The National Cancer Institute (NCI) of NIH has supported development of a comprehensive public-use database containing geospatial data describing physical and social environments over time (1960 to date) and place (multiple geographic levels). The RTI Spatial Impact Factor Database (SIFD) was developed to provide georeferenced data at various spatial scales with consistent geocoding, allowing researchers opportunities to choose the spatial scale most appropriate for their research question. Considerable resources were spent developing complex measures (e.g., residential segregation and Gini indices) to obviate the need for duplicative efforts by other researchers and to provide one source for all socioecological measures (http://rtispatialdata.rti.org/). Wide adoption of the SIFD would enhance data interoperability while also enhancing comparability of future studies. The estimated impacts of the geospatial variables on outcomes can be quite sensitive to nonstandard measures. When measures come from various sources using various algorithms or assumptions in data development and producing disparate measurement errors, then statistical noise clouds comparisons across studies. This noise can be reduced considerably by having a sole source for geospatial measures of socioecological factors. Establishing a reliable, fully documented, comprehensive resource freely available via the Web encourages use of the same geospatial data by all users, and as the emergent standard, the RTI SIFD can facilitate comparability across studies utilizing its measures. The SIFD is the most comprehensive set of multilevel geospatial data now freely available on the Web: it was downloaded more than 5,000 times in its first year online, showing potential to become the emergent standard.

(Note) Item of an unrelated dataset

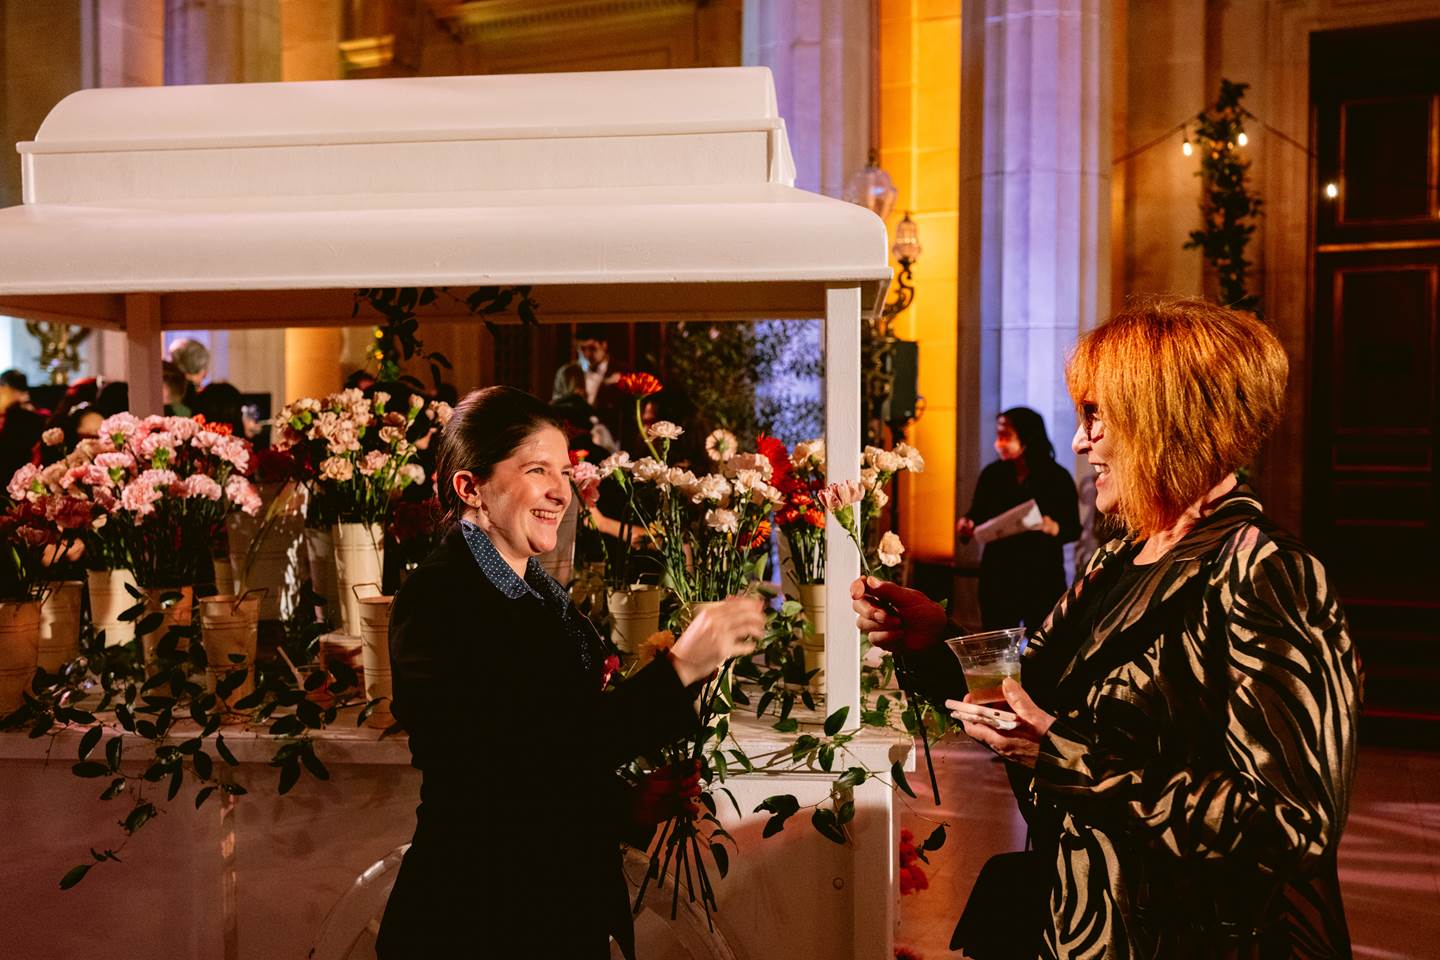 Opera volunteer handing out flowers to guests

Interoperability and Geospatial Analytic Cyberinfrastructure

Geospatial informatics tools and software have evolved over a long period characterized by many different platforms and products that could not exchange mapping information or data. Incompatibility issues hampered the widespread development and adoption of geospatial mapping and analysis software. Optimal use of informatics tools (e.g., geospatial sensors; tools for analyzing data) and resources (e.g., databases) depends on explicit understanding of concepts related to the data on which they compute. For geospatial analysis, the relevant standards are maintained by the Open Geospatial Consortium (OGC; http://www.opengeospatial.org/). OGC is a nonprofit, international, voluntary consensus standards organization that leads the development of standards for geospatial and location-based services. The OGC Standards and Specifications are technical documents freely available to the public that detail interfaces or encodings that informatics tools developers should adopt to build support for the interfaces or encodings to address specific interoperability challenges. The OGC Standards and Specifications define a service-oriented architecture for geographic applications that, when used during the phases of systems development by various enterprises, allows for eventual integration in computing. For example, when OGC Standards and Specifications are implemented by two different software engineers working independently, the resulting products work together without further reprogramming. OGC also provides compliance testing, and the Certified OGC Compliant brand assures customers that the products will interoperate with other systems that have properly implemented OGC standards. The Certified OGC Compliant brand also ensures that systems developers can integrate various products efficiently. The OGC standards have been an important contributing factor in the growth of the geospatial informatics tools market, and OGC compliance is increasingly necessary for market participants.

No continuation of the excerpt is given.